Отребухов пересчитал кассу.
– Ну что, Василий Иванович? – спросил он мрачно после похмелья. – Куда мы с тобою двинем?
– А много ли там? – полюбопытствовал Куцый.
– Да вот… С четвертную будет!
Куцый крепко задумался.
– Ежели, скажем, дворника послать? – предложил он.
– На предмет чего?
– Да он полсобаки из трактира притащит.
– И то дело, – согласился Отребухов. – У меня как раз огурчики есть. Пикулечки с укропцем… Не пропадать же нам в одиночестве!

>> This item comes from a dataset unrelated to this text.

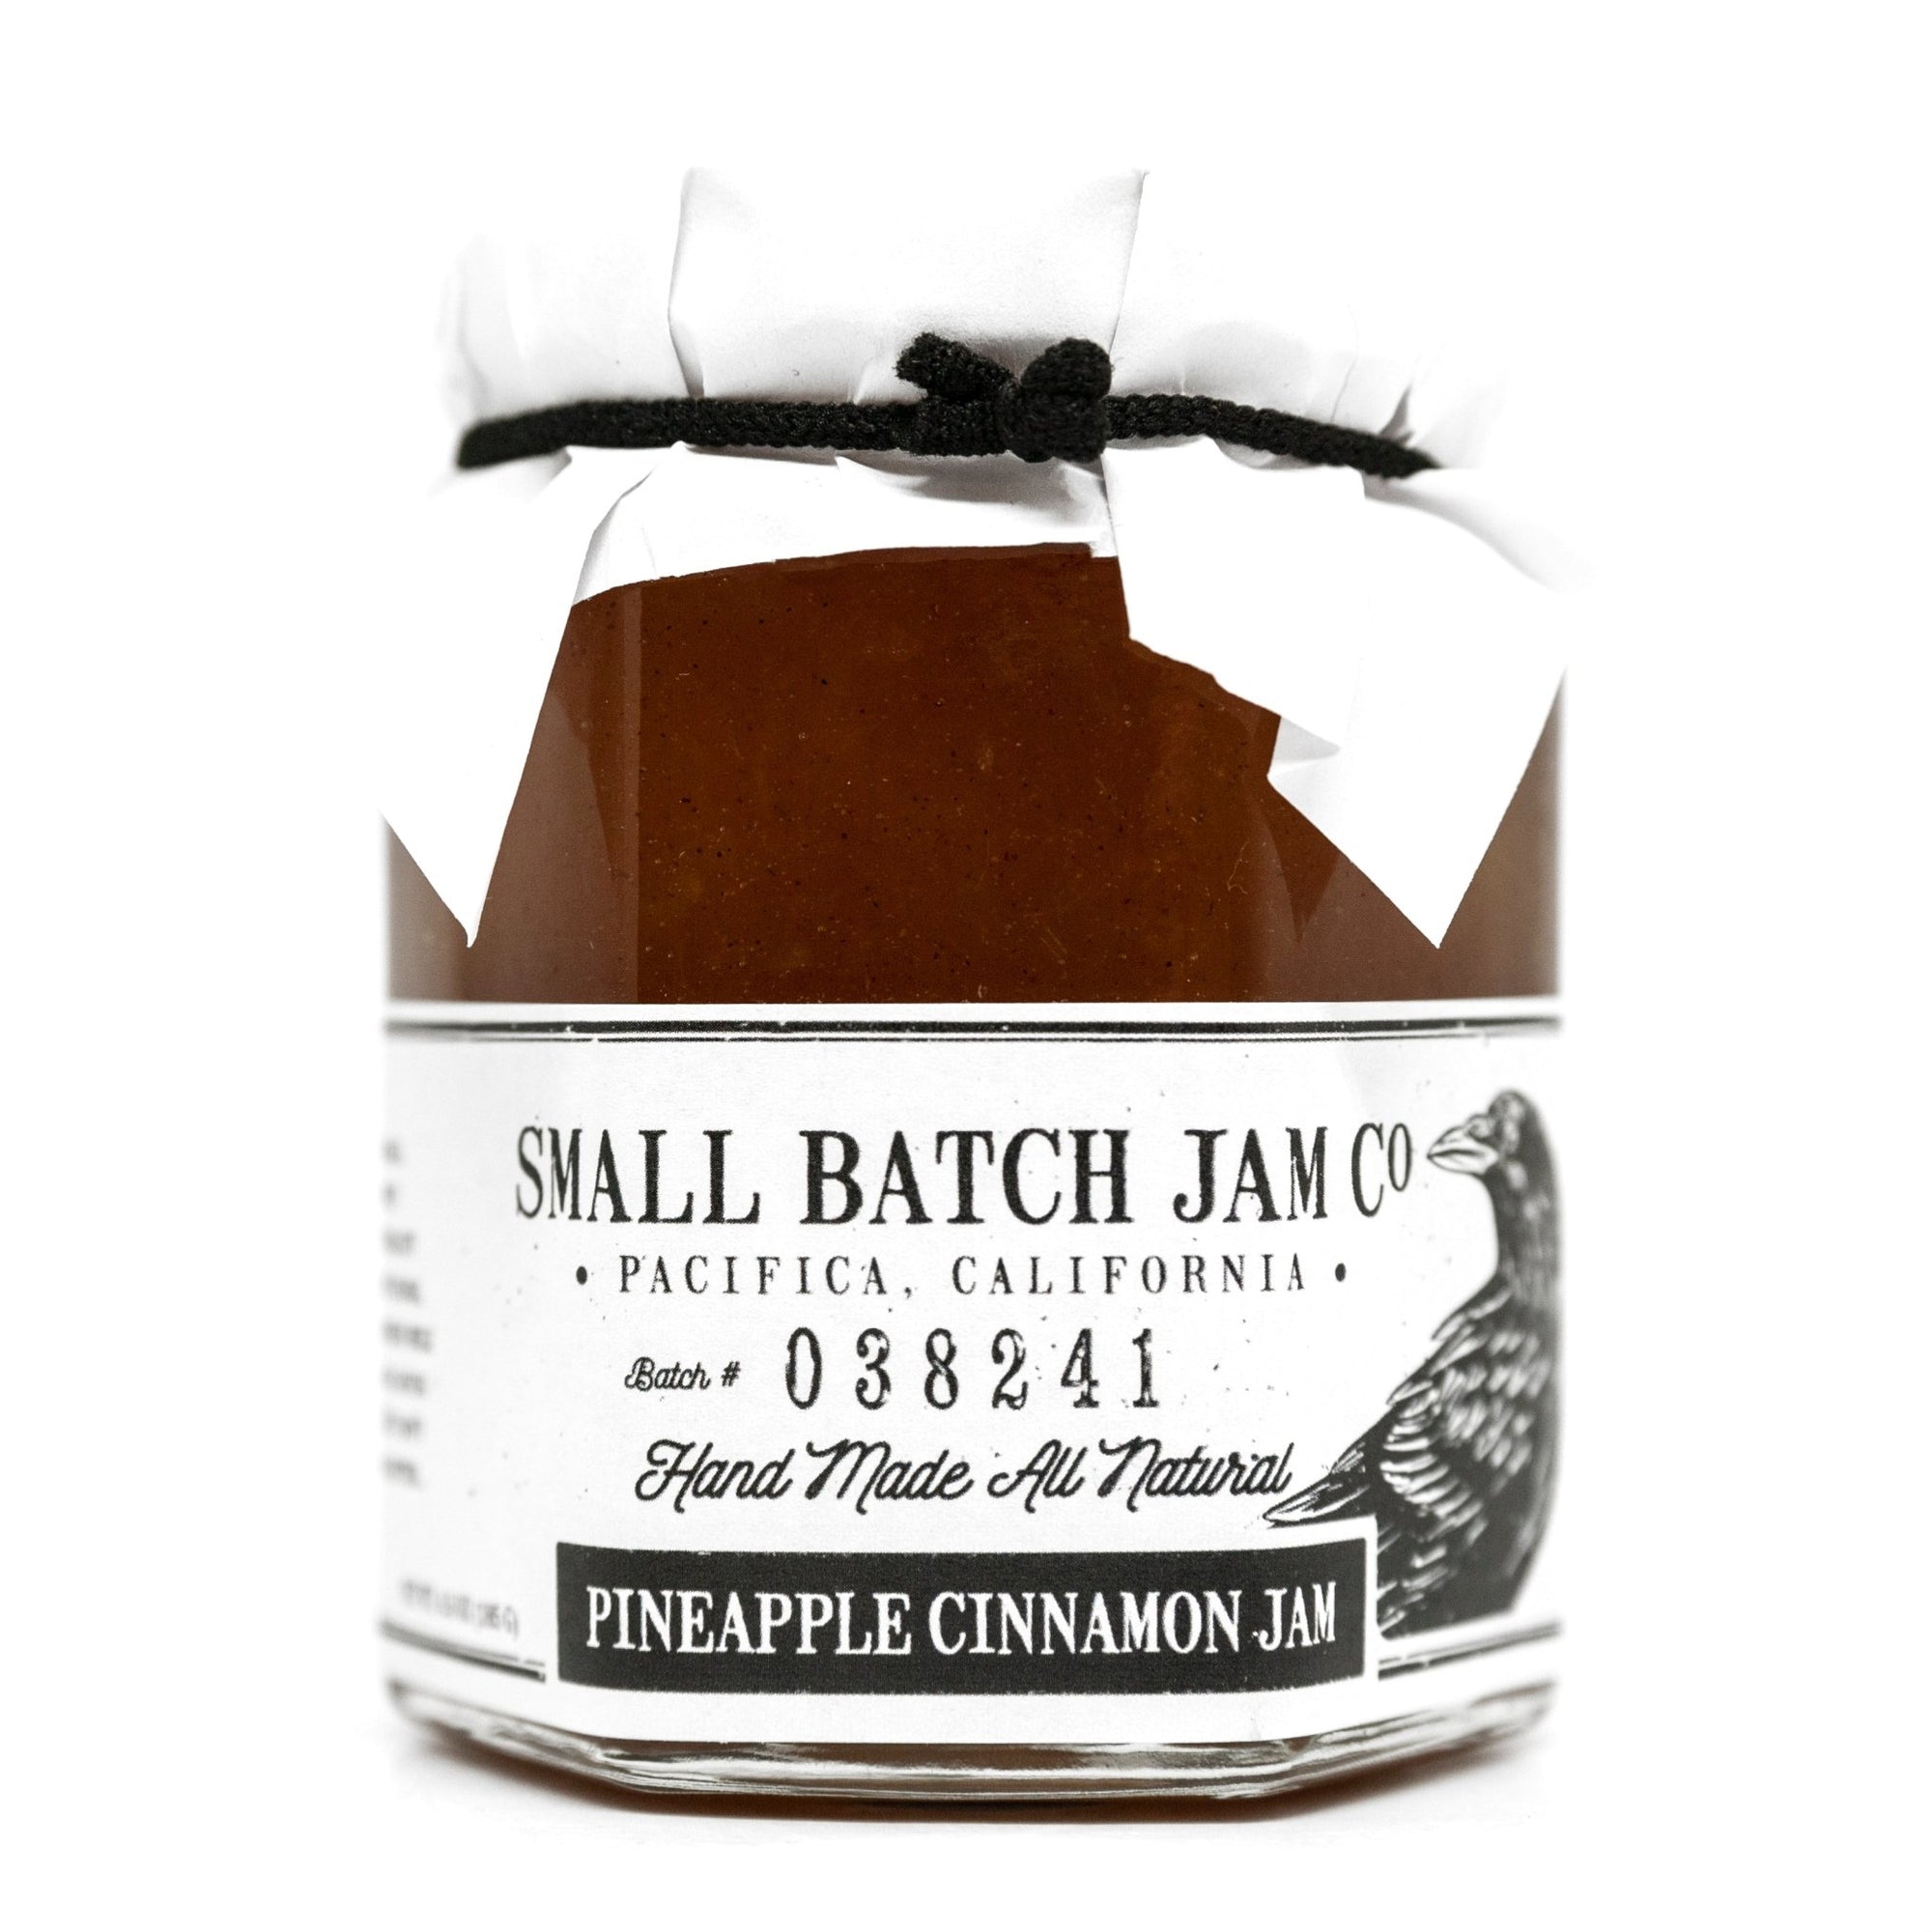 Pineapple Cinnamon Jam - Small Batch Jam Co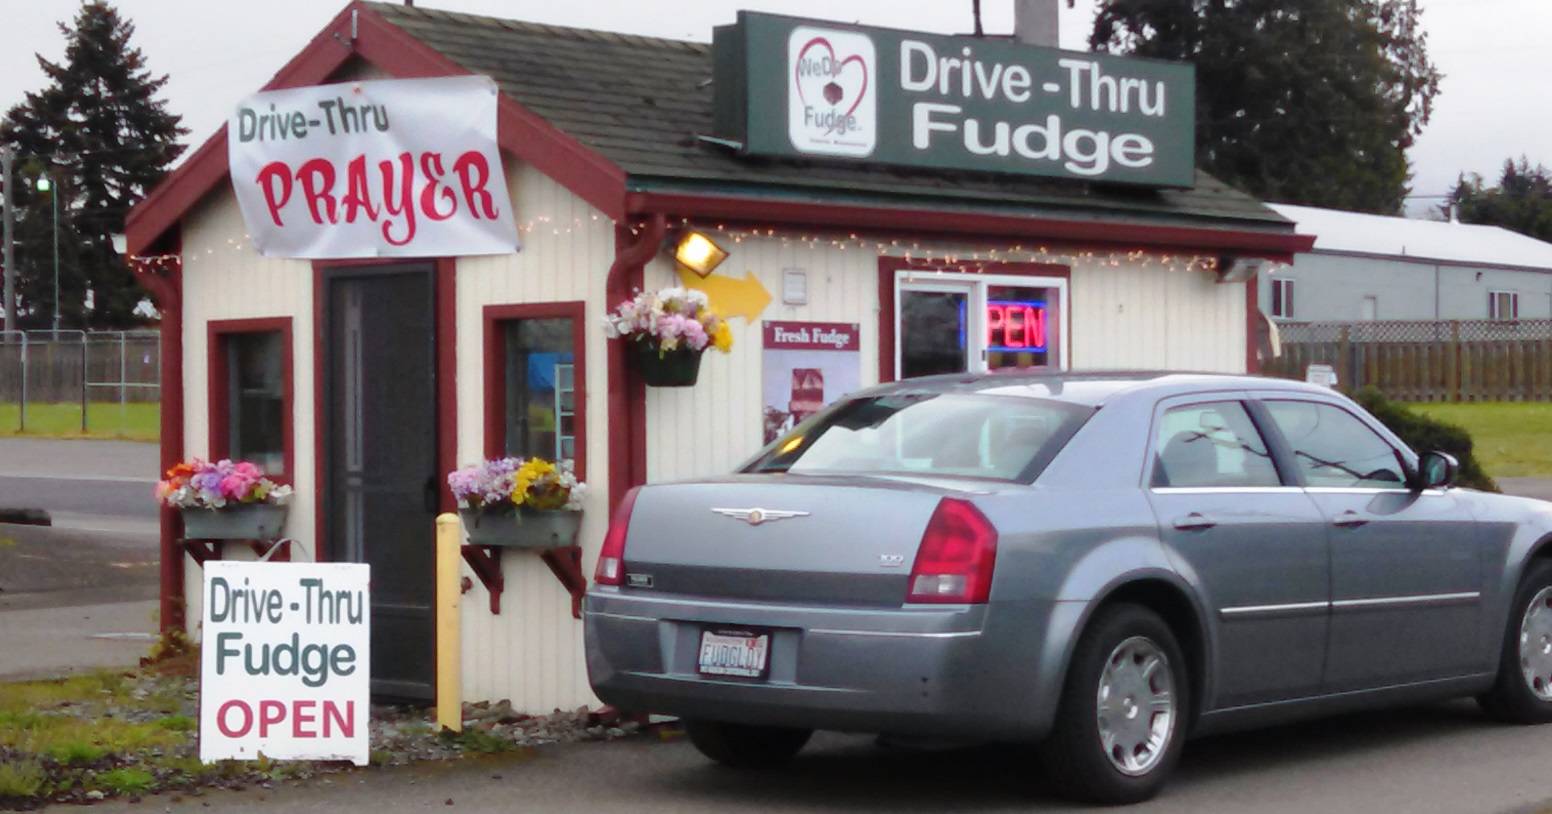 WeDo Fudge to reopen drive-thru

Дворник слетал мигом. Полсобаки распили, послали еще за половиною. Дворника угостили тоже. Он был парень на ногу легкий: так и летал, так и порхал всю ночь от дома Отребухова до трактира.
Василий Иванович Куцый даже к жене не пошел – здесь же и выспался.
Наутро он проснулся, показал остатние семь рублей и два рубля тут же отбавил.
– Это на пиво, – сказал он. – Ничто так не споспешествует облегчению, как пиво.
Разбудили дворника и послали его за пивом.
– Как быть-то? – спросил Отребухов, сдувая пену. – Нехорошо получается… Это все князь Тенишев начал!